山口県宇部市にある『長生炭鉱』。26日午前10時半、潜水調査のため、2人のダイバーが「ピーヤ」と呼ばれる排気口に到着しました。坑道内は泥などが堆積しているため、巻き上げると視界がほとんどなくなります。また、坑道が崩れる危険性も常にあります。

海底炭鉱

この海底炭鉱で1942年2月3日、戦争で石炭需要が高まる中、天井が崩落する事故が起きました。日本人47人、朝鮮半島出身者136人がいまだ眠ったままです。

長生炭鉱

長生炭鉱は、海岸から沖に向かって長く掘られていたといいます。

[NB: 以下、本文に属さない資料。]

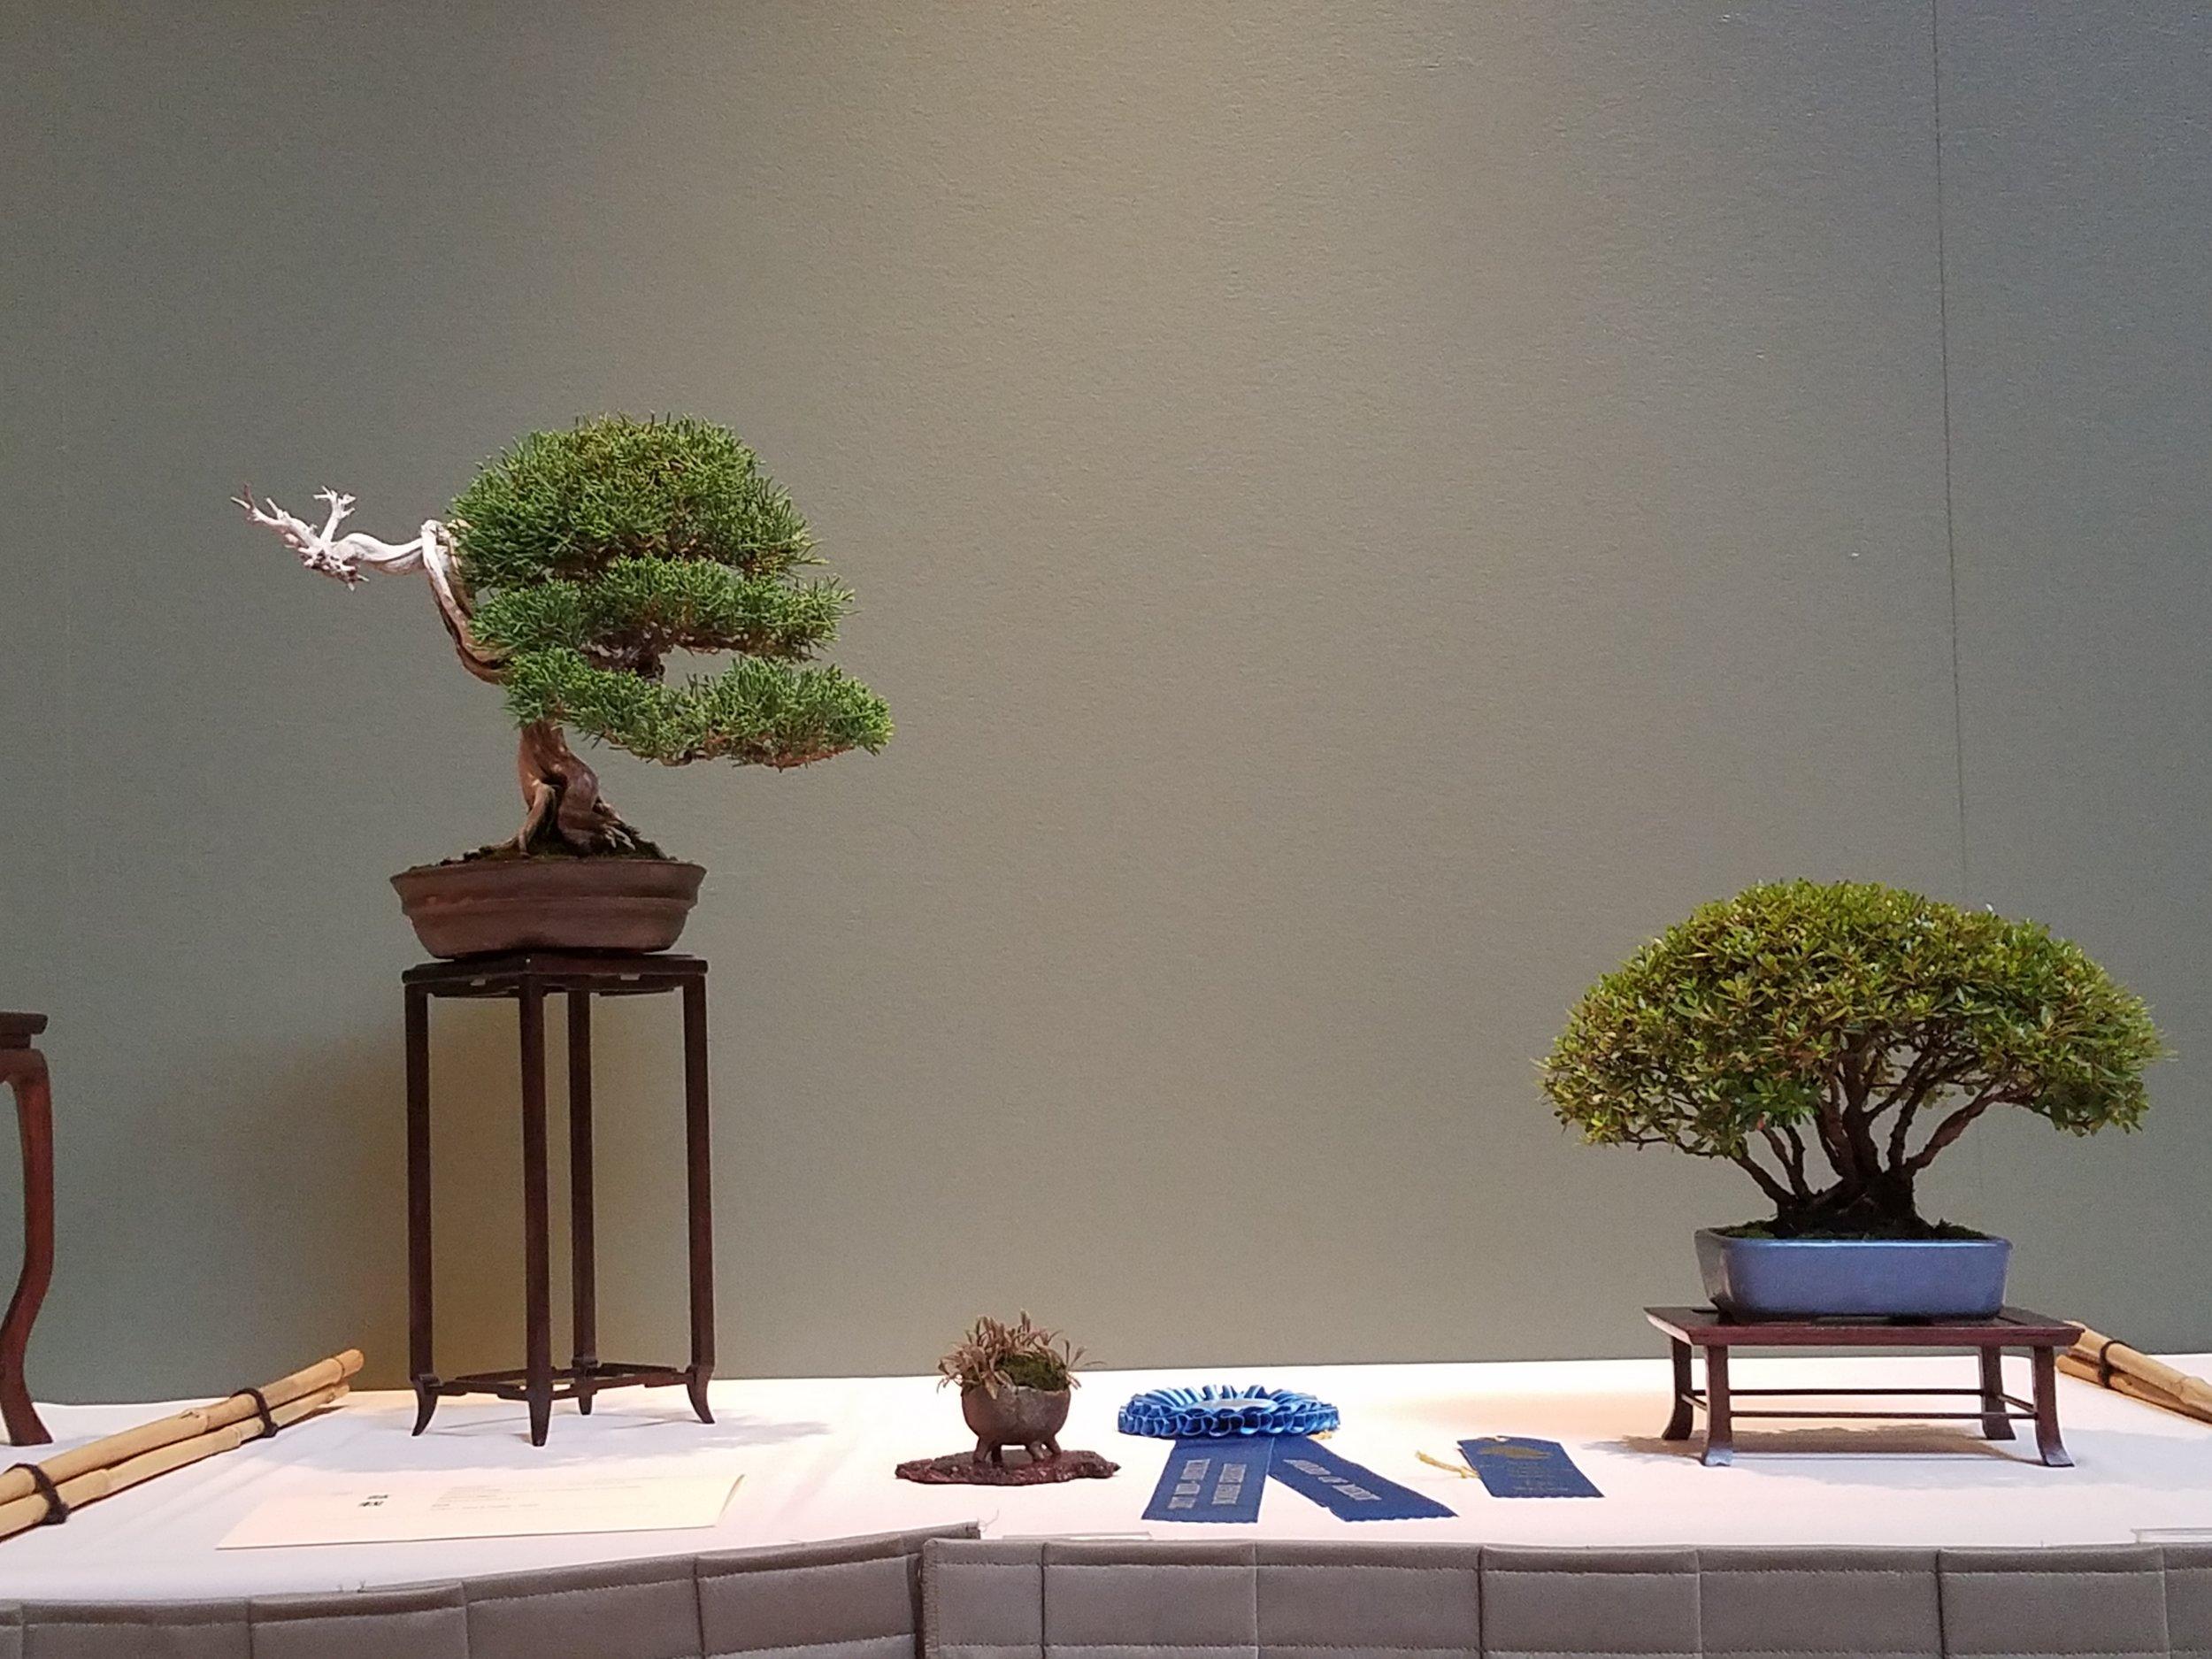 2017 Mid-America Bonsai Exhibition - Itoigawa Shimpaku Juniper & Dwarf Azalea - Slant & Clump

ダイバーは海岸から遠い側のピーヤから入りました。その下は側道で、北側にトロッコが走る本坑道があります。ダイバーは、側道から本坑道に入り、陸側に曲がった地点に向かいました。

人の骨のようなもの

たどり着いたのは、25日に人の骨のようなものが見つかった場所。そのすぐ側で、26日も新たに人の骨のようなものが見つかりました。

ダイバー

潜水開始から3時間半。ダイバーが浮上してきました。発見したものを箱に入れて運びます。入っていたのは、頭蓋骨に見えるもの。犠牲者のものだとすれば、83年ぶりに地上に戻ってきたことになります。

祖父が犠牲になった人
祖父が犠牲になった人
「どんなに苦しかったかなと思います。亡くなった方たちはどう思って海の中から訴えてきたのかなって。80年前の戦時中のことを分かる方はそんなにいないけど、日本の国のために尽力された韓国の方、日本人の方、そのおかげで今日、私たちが今の時代を生きてこられてると。真っ黒の遺骨を見ると色々考えさせられます」
頭蓋骨

発見時は半分、埋まった状態だったといいます。頭蓋骨に見えるものは、警察に渡され、鑑定を待ちます。回収した時、泥が巻き上がり、他のものは断念しました。

人の形のようなもの

映像には、ブーツのようなものを履き、右側を下にして、片足を曲げた状態で横たわっているように見える、人の形のようなものが映っていました。腰から上は、泥が堆積し、形が分からなくなっていました。

クラウドファンディング

地元の市民団体は、クラウドファンディングで資金を集めるなどし、ようやく発見にたどり着きました。

長生炭鉱の水非常を歴史に刻む会 井上洋子共同代表
長生炭鉱の水非常を歴史に刻む会 井上洋子共同代表
「ここで亡くなった皆様が、こうして見つかった。まだたくさんいらっしゃるのに、日本政府は放っておくんですか。そのことをしっかり訴えて、私は、日本政府を必ずこのプロジェクトに参画していただく。日本政府は、このご遺骨に答えていただきたい。そのように思っております」

今回の発見を受けて、政府は。

福岡資麿厚労大臣
福岡資麿厚労大臣
「現時点では、安全を確保したうえでの潜水調査に資するような新たな知見は得られておらず、現時点で財政支援についての検討は進めておりません。これまでも外務省と連携して対応してきておりますが、山口県警察における検査の状況などを見守りつつ、関係省庁とも連携のうえ、適切に対応してまいりたい」
追悼の明かり

海岸には26日夜、花束とともに、犠牲者183人の名前が記された追悼の明かりが灯されました。